Борис Борисыч вылез из джипа, достал из багажника крюк, и воровато оглядевшись по сторонам, стал крадучись подбираться к Довлатову, на ходу разматывая трос лебедки... Подцепив Довлатова за шиворот, Борис Борисыч вернулся в кабину, и управляя лебедкой, осторожно переместил сонного прозаика в багажник джипа. Довлатов, слегка покачиваясь, торжественно парил в сумерках.
Джип, отяжеленный сразу двумя гениями, медленно тронулся с места. Довлатов, с любопытством заглядывал в окна вторых этажей, цепким писательским взглядом наблюдая за таинственной ночной жизнью своих сограждан. Некоторые неспящие сограждане, в свою очередь, были не меньше удивлены проплывающей в их окнах массивной голове Довлатова, наблюдавшей за их таинственной жизнью цепким писательским взглядом. Особо впечатлительные падали с кровати и голосили, не в силах сдержать радость от встречи с прекрасным...
Джип выехал на Невский проспект и повернул к дому 8888, где и проживал Борис Борисыч собственной персоной.
Петербургская повесть повторялась. Как и двести, без малого, лет назад, когда Медный всадник следовал всюду по пятам за бедным Евгением, так и теперь, медный Довлатов следовал всюду за Борис Борисычем, куда бы тот ни повернул. Однако, в современную петербургскую повесть, мы обязаны внести некоторые коррективы: Во-первых, Довлатов никакой не медный, а бронзовый, просто, медный, согласитесь, как-то символичней... А во-вторых, Борис Борисыч никакой не бедный, как какой-то там Евгений, а величина, наш лучезарный и величественный! При желании, Борис Борисыч мог бы сам скакать за Медным всадником, а тот, на его фоне, выглядел бы жалким и невзрачным... Вот какой, на самом деле, наш Борис Борисыч! Да и Медный всадник, между нами говоря, никакой не медный, а всего лишь бронзовый, так же, как и Довлатов...
Ну, дело за полночь, а только привез-таки Борис Борисыч Довлатова к себе в подземный гараж, в чем, собственно, и заключался коварный план, сраженного обидой, нашего лучезарного...
Однако, как оказалось, дальнейшее развитие плана терялось в зеленом, как медь, петербургском тумане, ибо, Борис Борисыч, повинуясь порыву, не успел придумать, что делать дальше с Довлатовым, а так же, за каким хреном он вообще приволок эту трехметровую фиговину к себе в гараж...
Борис Борисыч выпил портвейну, пригорюнился и стал размышлять, время от времени недоуменно поглядывая на бронзового красавца.

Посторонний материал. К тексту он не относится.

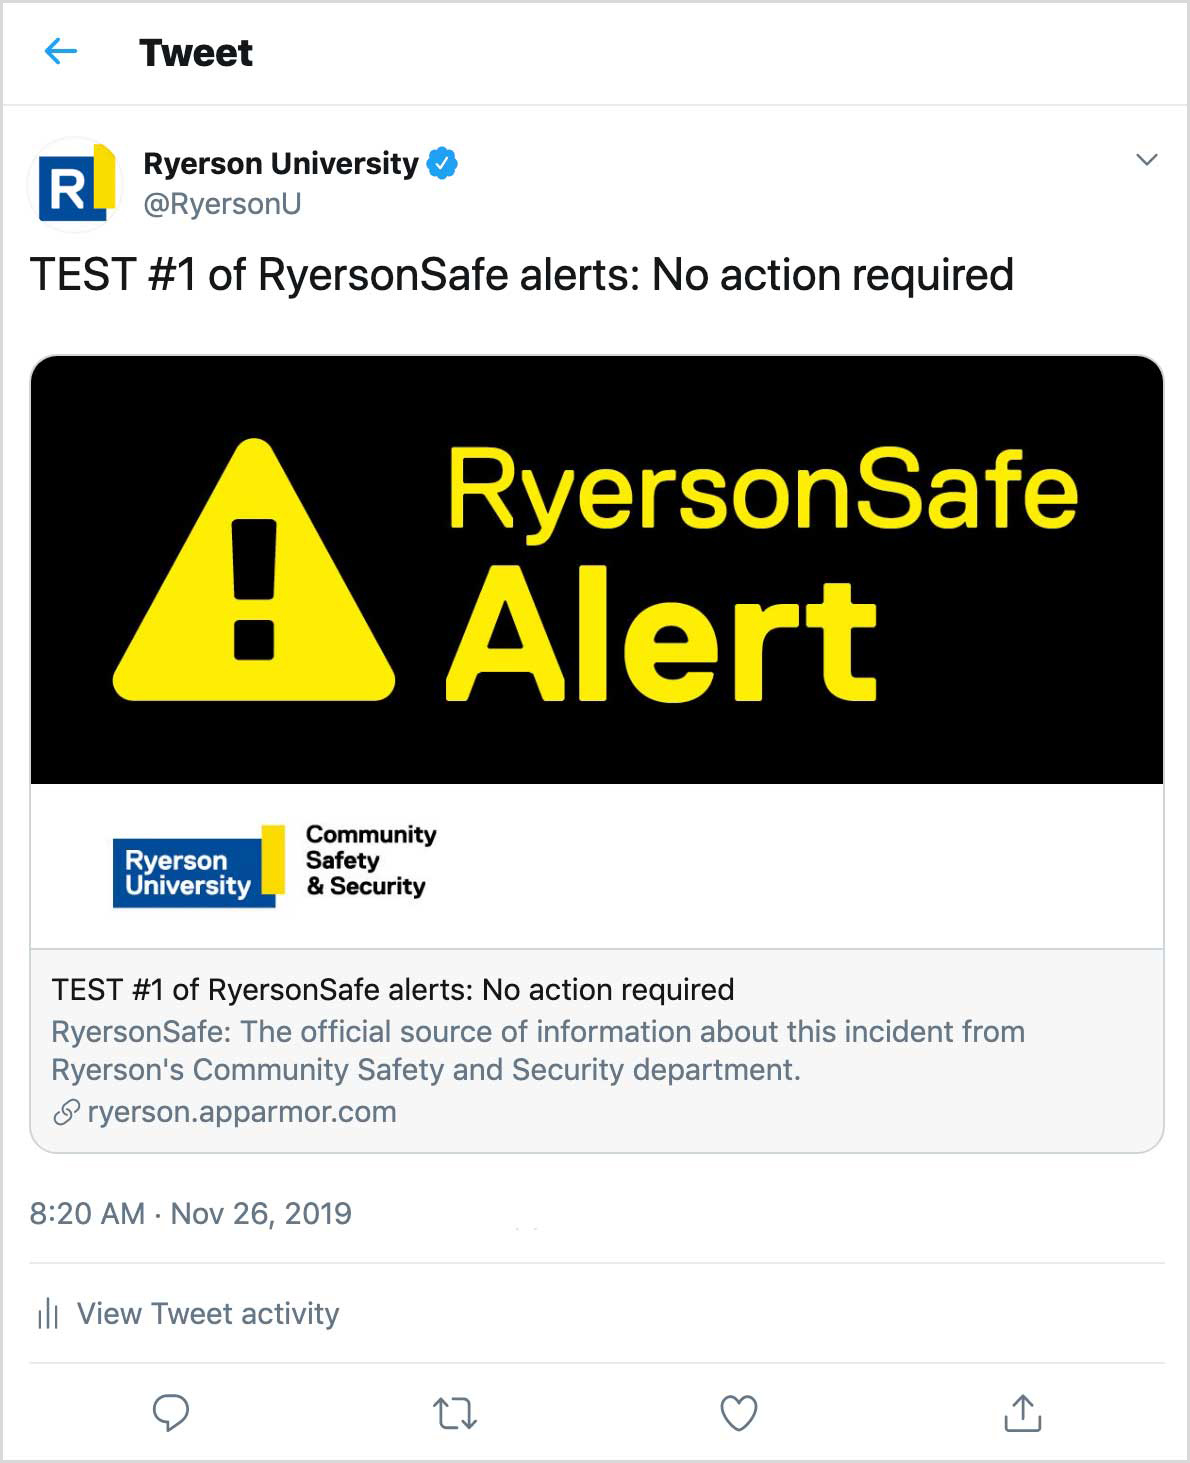 A Tweet from Ryerson University with test alert content pointing to RyersonSafe.
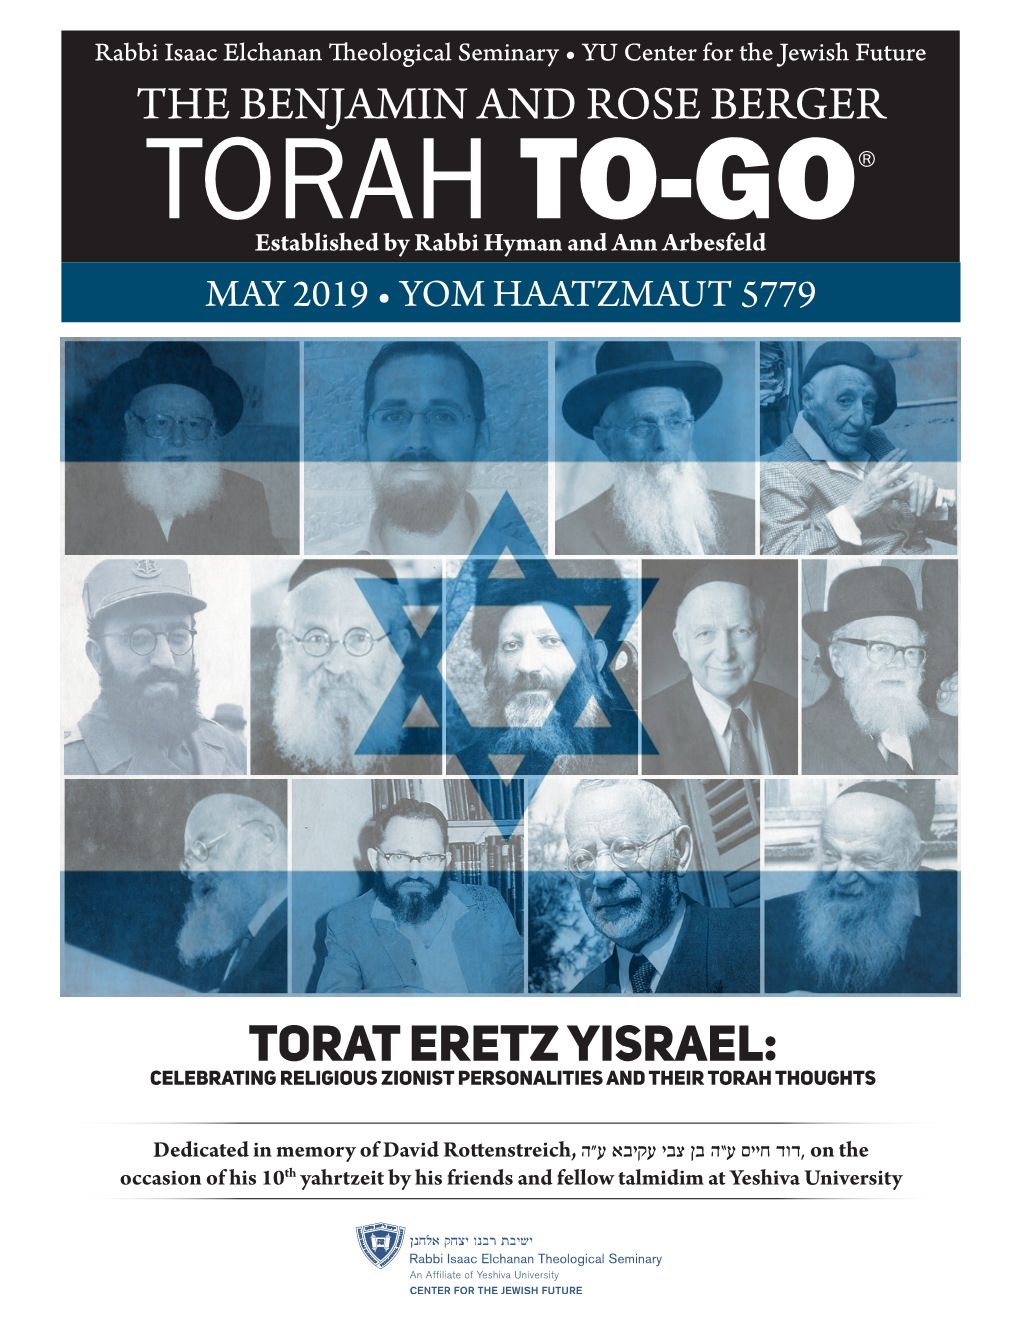 Torat Eretz Yisrael: Celebrating Religious Zionist Personalities and Their Torah Thoughts

"Может, сдать Довлатова на переплавку? Пусть из него сделают тысячу подсвечников, чтобы людям светлее было жить... Нет, пусть лучше сделают двадцать печатных машинок, чтобы молодые талантливые авторы, прикасаясь к переплавленному Довлатову, вдохновенно печатали на них свои шедевры и отсылали из на Проза.ру по электронной почте... Нет, пусть, лучше, сделают три тысячи подстаканников, чтобы в поездах дальнего следования, сидя в уютных купе, люди держали в руках горячего Довлатова, прихлебывали крепкий чай и беседовали о литературе... Нет, нет и нет! Всё это люди и так уже делают, благодаря творчеству Довлатова... Что же мне с тобой делать?..."

Борис Борисыч совсем расстроился и с горя осушил одним махом четвертую бутылку портвейна.

- АБАНАМАТ!!! - раздался вдруг в гараже мощный бронзовый голос, от которого сотряслись стены...

Борис Борисыч свалился с табуретки, чуть не обо*равшись от страха. Он выключил работавший двигатель джипа, схватил бутылку и стал, в крайнем изумлении, читать этикетку, не добавлено ли в состав портвейна каких-нибудь особых, неизвестных природе ингредиентов, вызвавших в гараже сей фантом... Нет и нет! Состав портвейна был кристален как слеза: Виноград портвейнный, особый; метиловый спирт 0,5 литра; березовые бруньки. Всё. Ни к чему не придерешься...

- Абанамат!... - согласился с Довлатовым Борис Борисыч и тяжко вздохнув, решил вернуть памятник на прежнее место.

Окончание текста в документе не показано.